• [Description of the task] Take the data below and copy exactly the lines starting at the one with "Nike Air Max 1 Zapatillas - Niño/a" and finishing at the one with "Pin Di 0812", both included.

• [Data listing]
-- Opening Marker --

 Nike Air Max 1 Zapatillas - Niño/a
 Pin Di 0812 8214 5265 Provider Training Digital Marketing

-- Closing Marker --
-- Opening Marker --

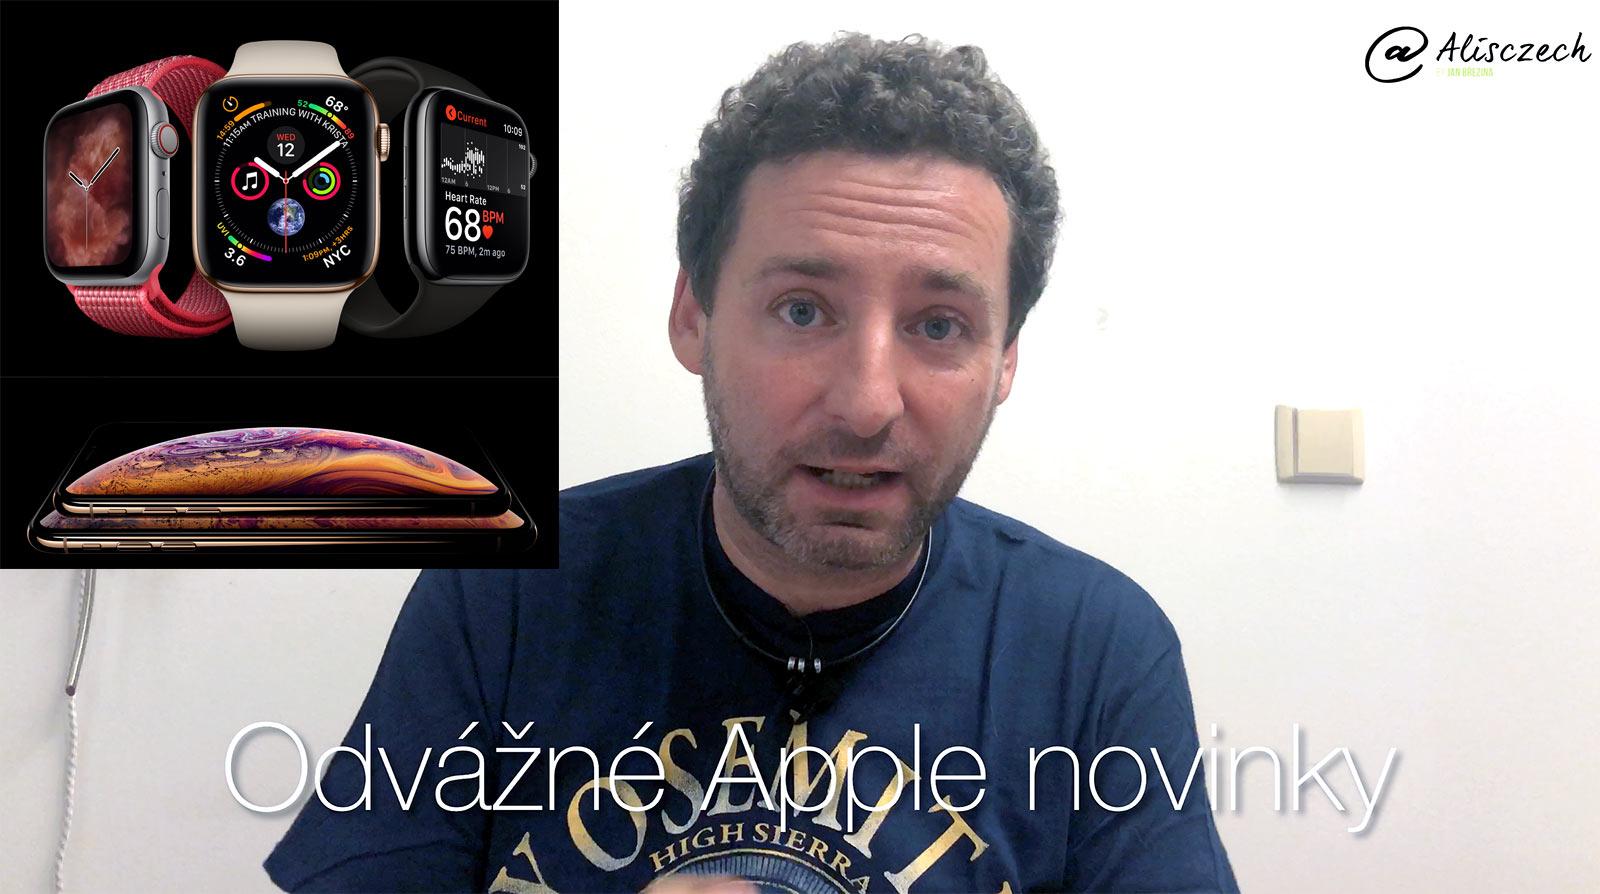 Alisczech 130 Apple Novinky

-- Closing Marker --
-- Opening Marker --

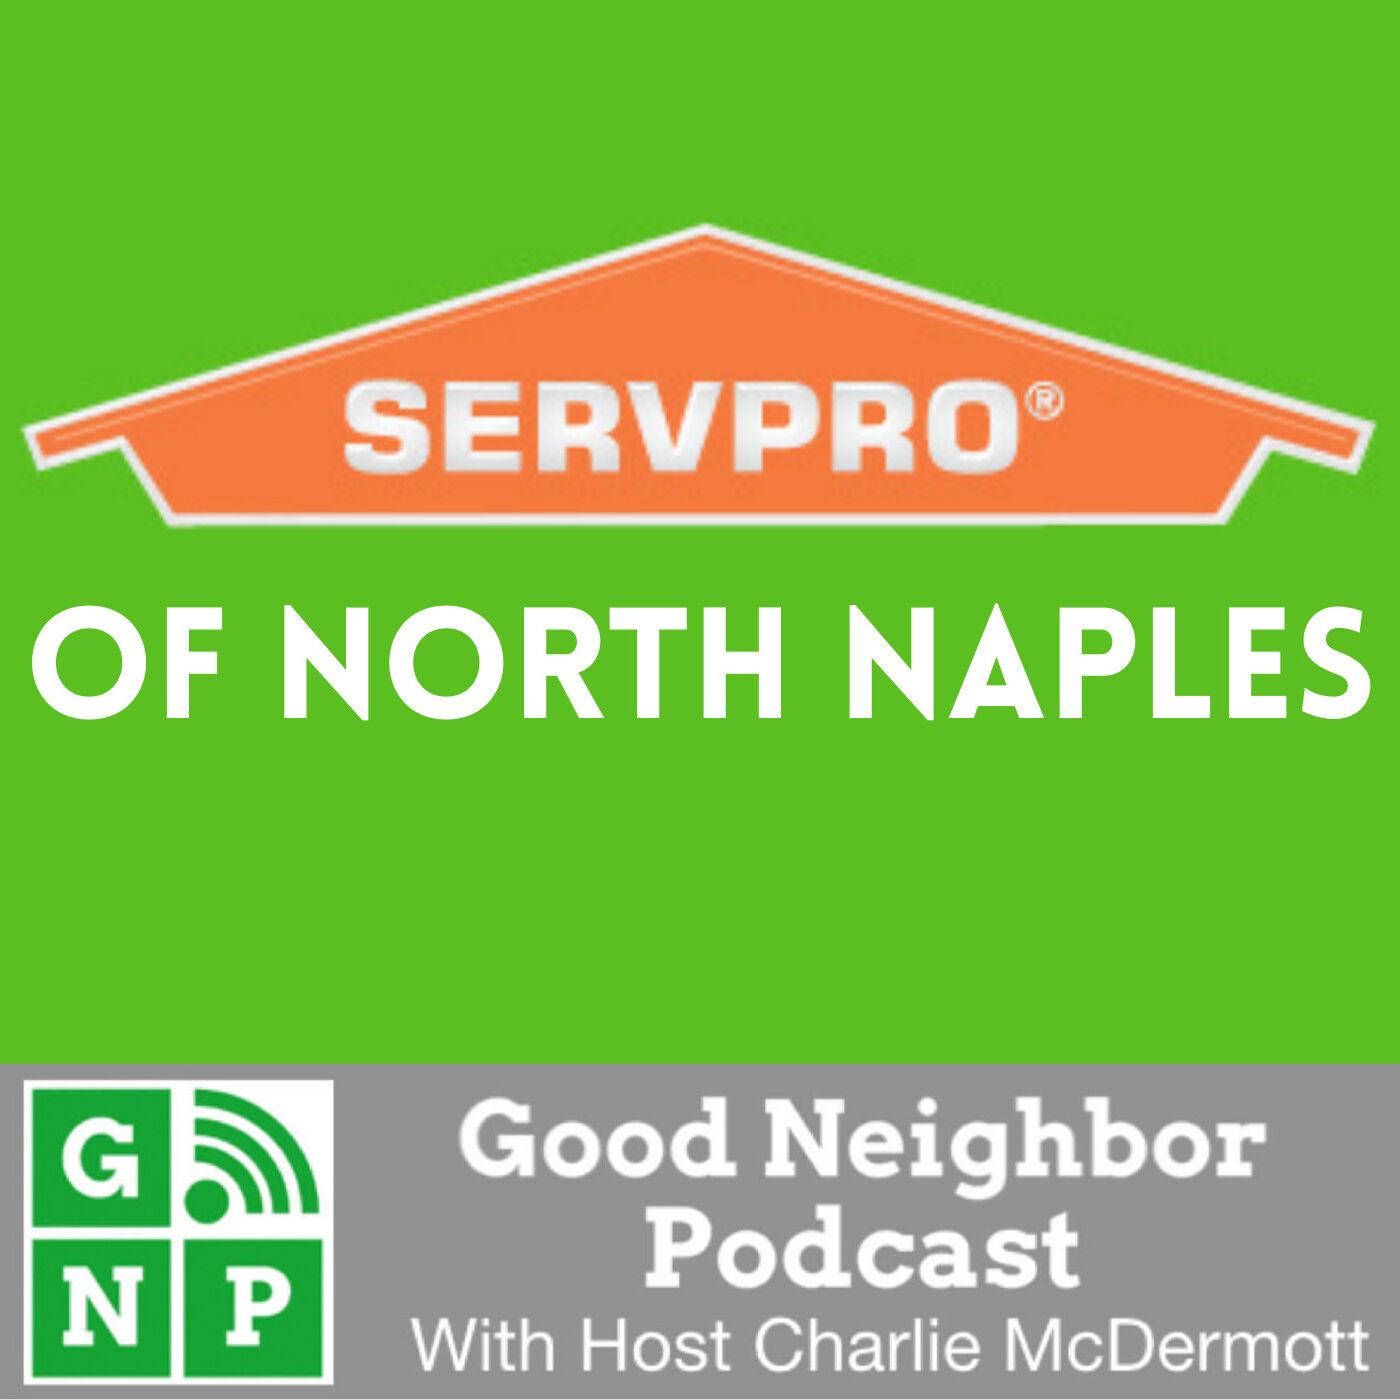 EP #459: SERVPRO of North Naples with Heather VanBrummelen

-- Closing Marker --

• [Answer to this task]
 Nike Air Max 1 Zapatillas - Niño/a
 Pin Di 0812 8214 5265 Provider Training Digital Marketing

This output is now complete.